Dos hombres se destacaban en el crepúsculo. Uno llevaba un saco sobre los hombros y el otro, un aro por delante como un camarero lleva una bandeja. El aro estaba ajustado con correas a sus hombros y en el círculo había posados tres halcones encapuchados que tenían campanillas tintineantes. La joven avanzó hacia el halconero y con un veloz movimiento de la muñeca, trasladó su halcón al aro donde se posó entre los compañeros que sacudieron las cabezas encapuchadas y erizaron sus plumas hasta que sus pihuelas con cascabeles resonaron nuevamente. El otro hombre avanzó e inclinándose respetuosamente cogió la liebre y la dejó caer en el saco de caza.

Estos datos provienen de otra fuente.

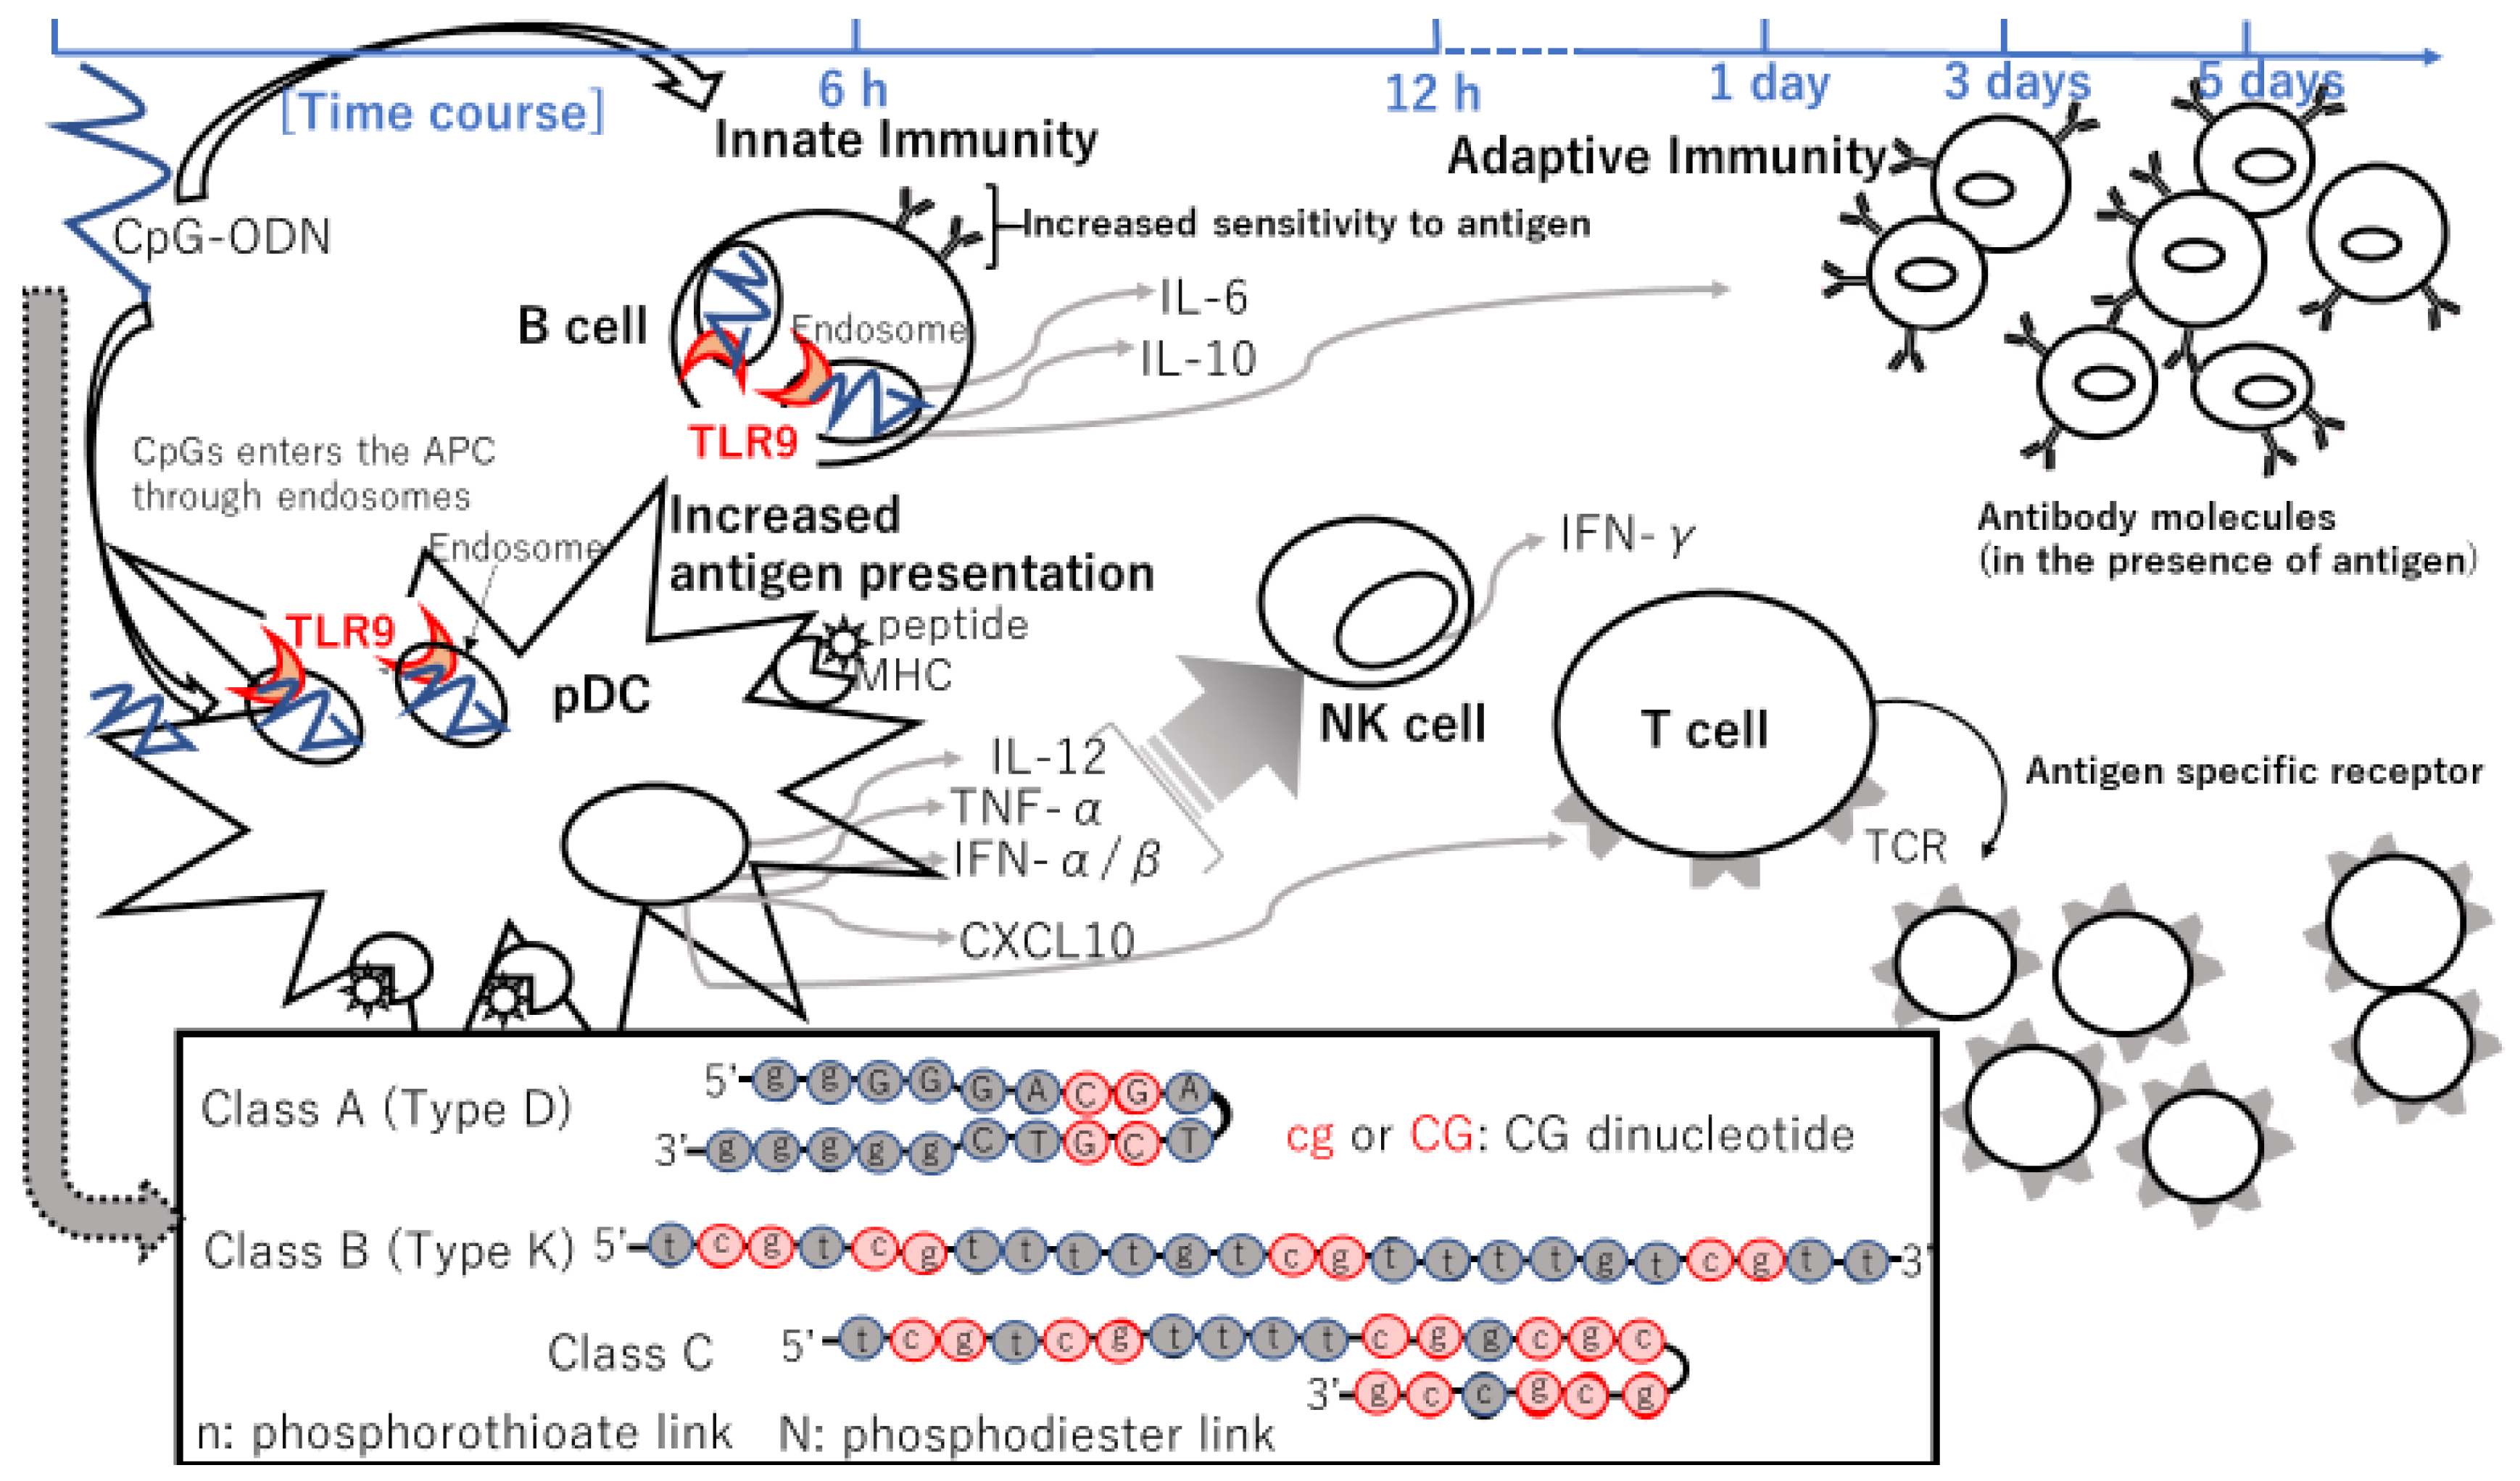 Cancers | Free Full-Text | Approaches of the Innate Immune System to  Ameliorate Adaptive Immunotherapy for B-Cell Non-Hodgkin Lymphoma in Their  Microenvironment | HTML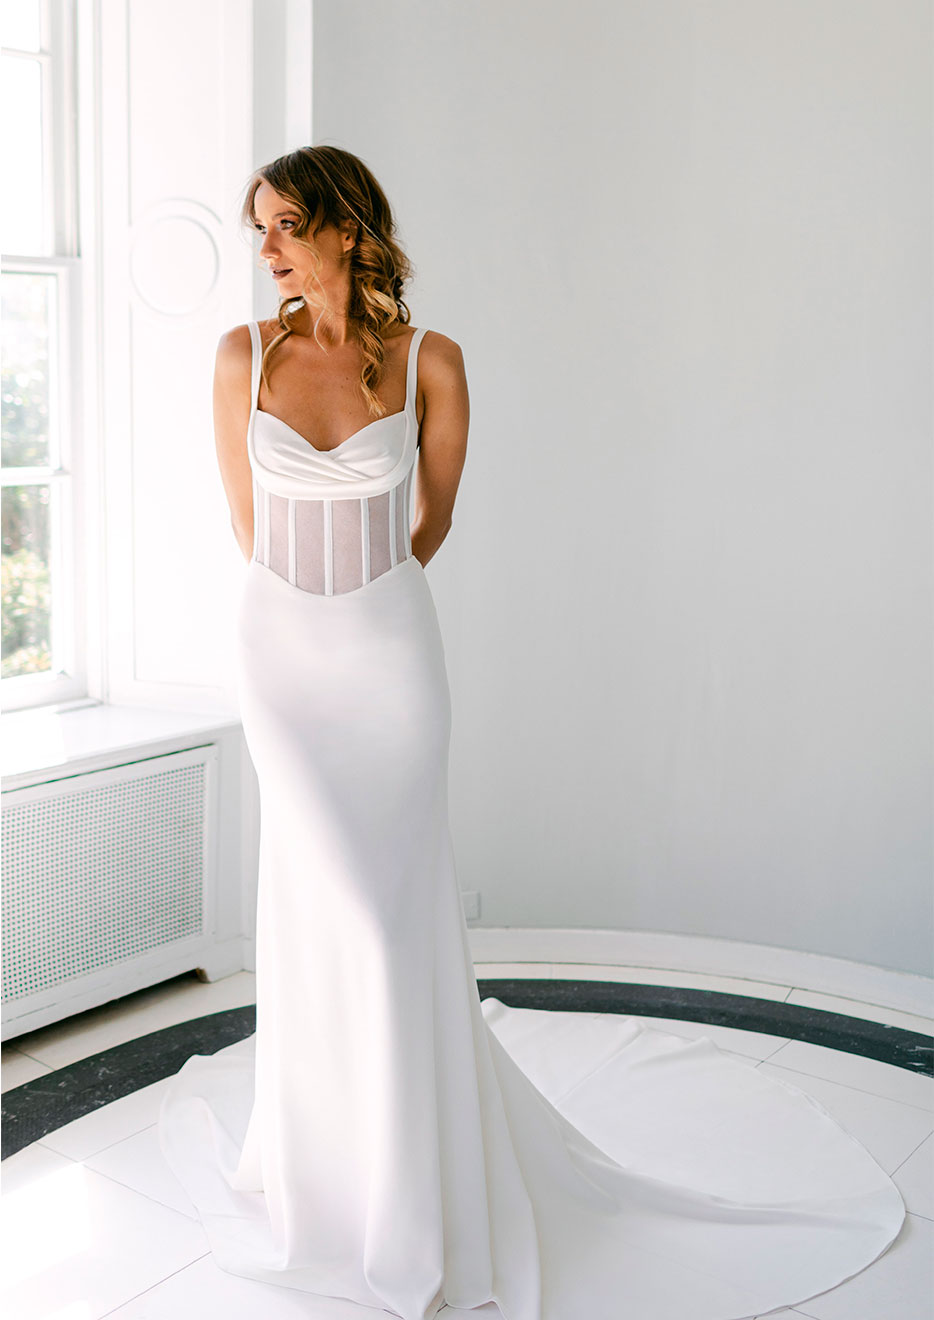 Wedding dress model Glory - Dress with thin straps sweetheart neck, trumpet gown with chapel train - Verdin New York

—Estos son mis piqueurs —dijo la joven volviéndose hacia mí con gentil dignidad—. Raoul es un buen halconero y algún día lo haré grand veneur. Hastur es incomparable.

Los dos hombres silenciosos me saludaron con respeto.

—¿No le había dicho, monsieur, que le probaría que se equivoca? —continuó—. He, pues, aquí mi venganza: tenga usted a bien que le ofrezca alimento y albergue en mi propia casa.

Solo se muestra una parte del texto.